Хозяйка Серых земель. Капкан на волкодлака, стр. 79

— А точно ведьмак?

— Тебя проклясть?

Паренек скрутил кукиш.

— Не, дяденька. Не проклясть. С вас два медня.

— Это за что?

— А она сказала, что дадитя…

Аврелий Яковлевич кинул сребень, который паренек подхватил на лету, куснул и торопливо сунул за щеку. Так оно верней.

— Спасибо, дяденька. Вот. Вам передать велено.

Он сунул букетик потрепанных маргариток, взглядом мазнул куда-то влево — Аврелий Яковлевич тоже глянул, но ничегошеньки не заприметил — и зашептал:

— А ежели вам в охотку дознаться, кто старуху заприбивши, то сыщите Васятку кривоглазого… он тою ночью туточки был.

Мальчишка отпрянул, попытался дать деру, однако Аврелий Яковлевич был быстрей.

— Цветы откуда?

— Дамочка дала.

— Какая?

— Красивая, страсть. — Паренек обвис и захныкал: — Дядечка ведьмак, отпуститя… вот вам крест, ничегошеньки не ведаю…

— Опиши.

— Не ученый я писать… мамка померла, папка пьеть… сестрички малые на руках… плачут, хлебушка просют…
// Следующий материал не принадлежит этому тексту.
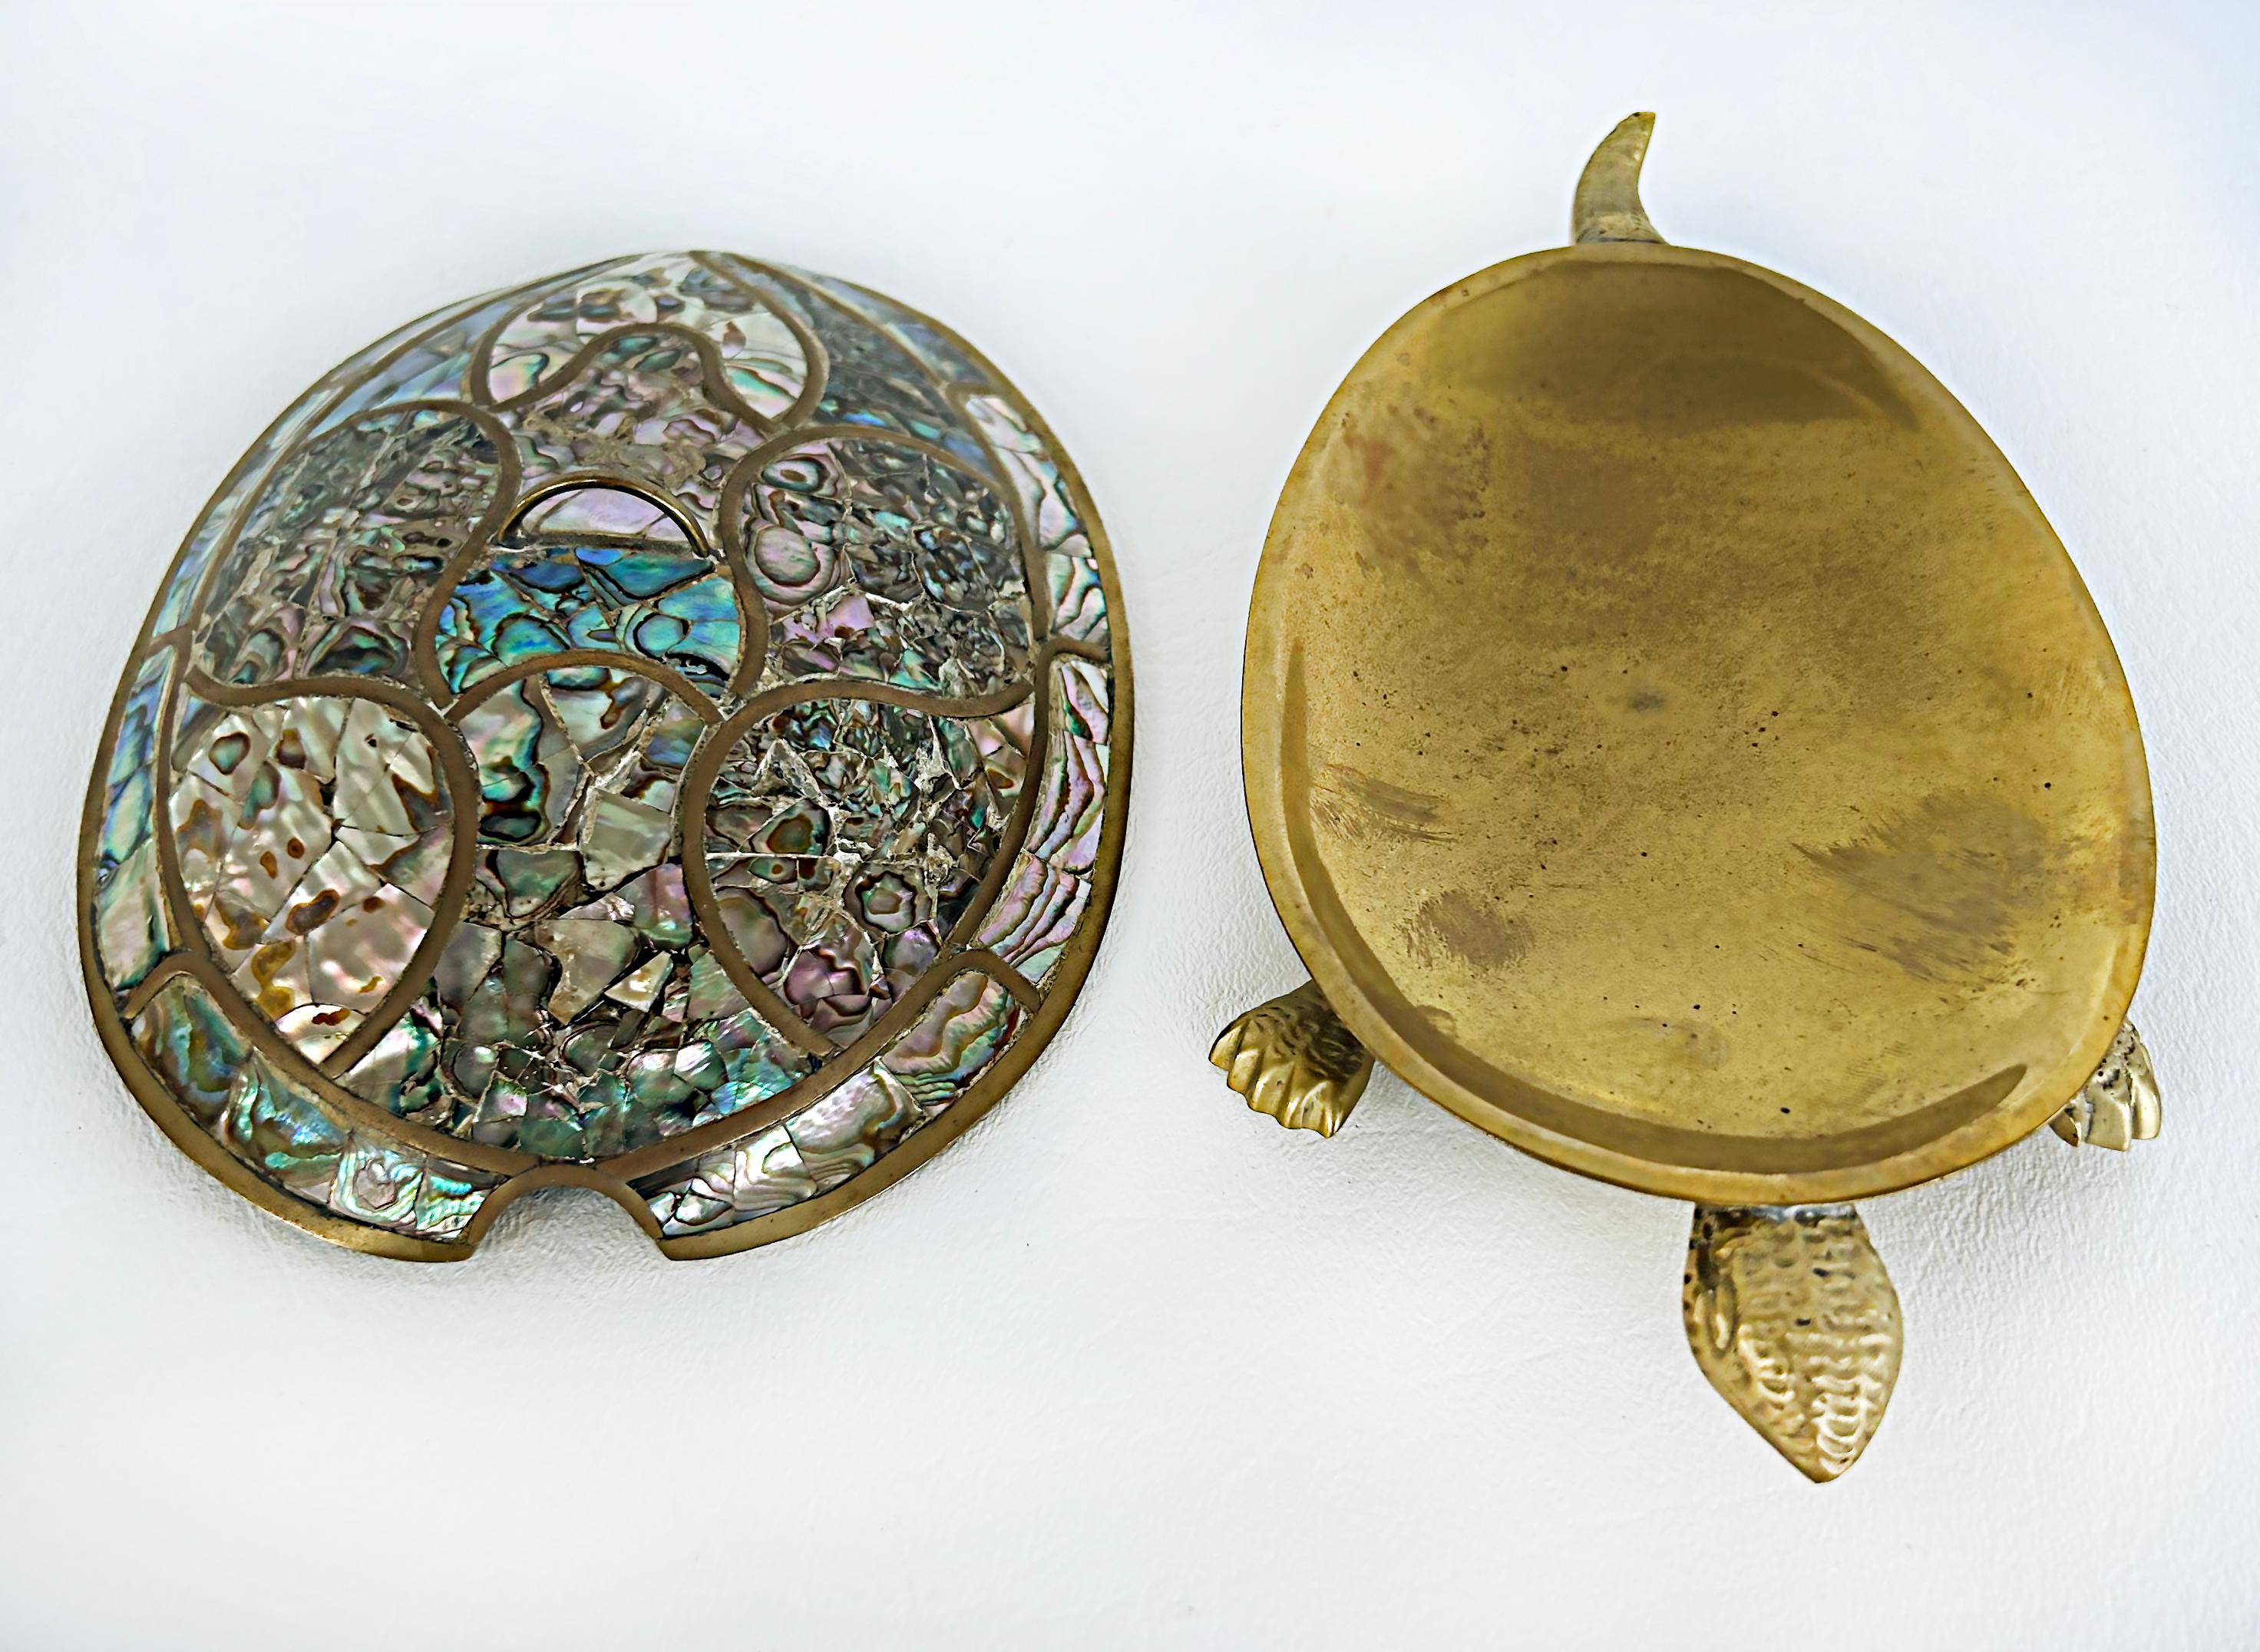 Mexican 1960s Mid-Century Modern Abalone Shell Brass Turtle Dish with Cover 

Offered for sale is an unusual 1960s brass turtle-form dish with a cover that is inset with abalone shell pieces from Mexico. The pieces are in the style of Los Castillo

— Не лги. — Аврелий Яковлевич сунул маргаритки в карман и отвесил пареньку затрещину. — Живы у тебя и отец, и мать. А сестер и вовсе нет. Брат старший.

Парень насупился.

— Рассказывай.

— Так а чего сказывать? Сижу я, значитца… с ящиком своим спозаранку так и вышел, а Микифка, который сапожник, нажрался. Скот скотом. И начал орать, что я де своею рожею клиента пугаю. Я-то не пугаю. Я-то сапоги чищу! И любые так отчистить могу, что солнышко в них, як в луже, будеть… ну я и пошел, с Микифкой-то чего лаяться? Он же ж здоровый, подлюка. Такой дасть разок, так весь дух и вышибеть. Присел у ворот, а люди ходют-ходют, спешают все. И никому-то сапогов чистить не надобно. Обидно.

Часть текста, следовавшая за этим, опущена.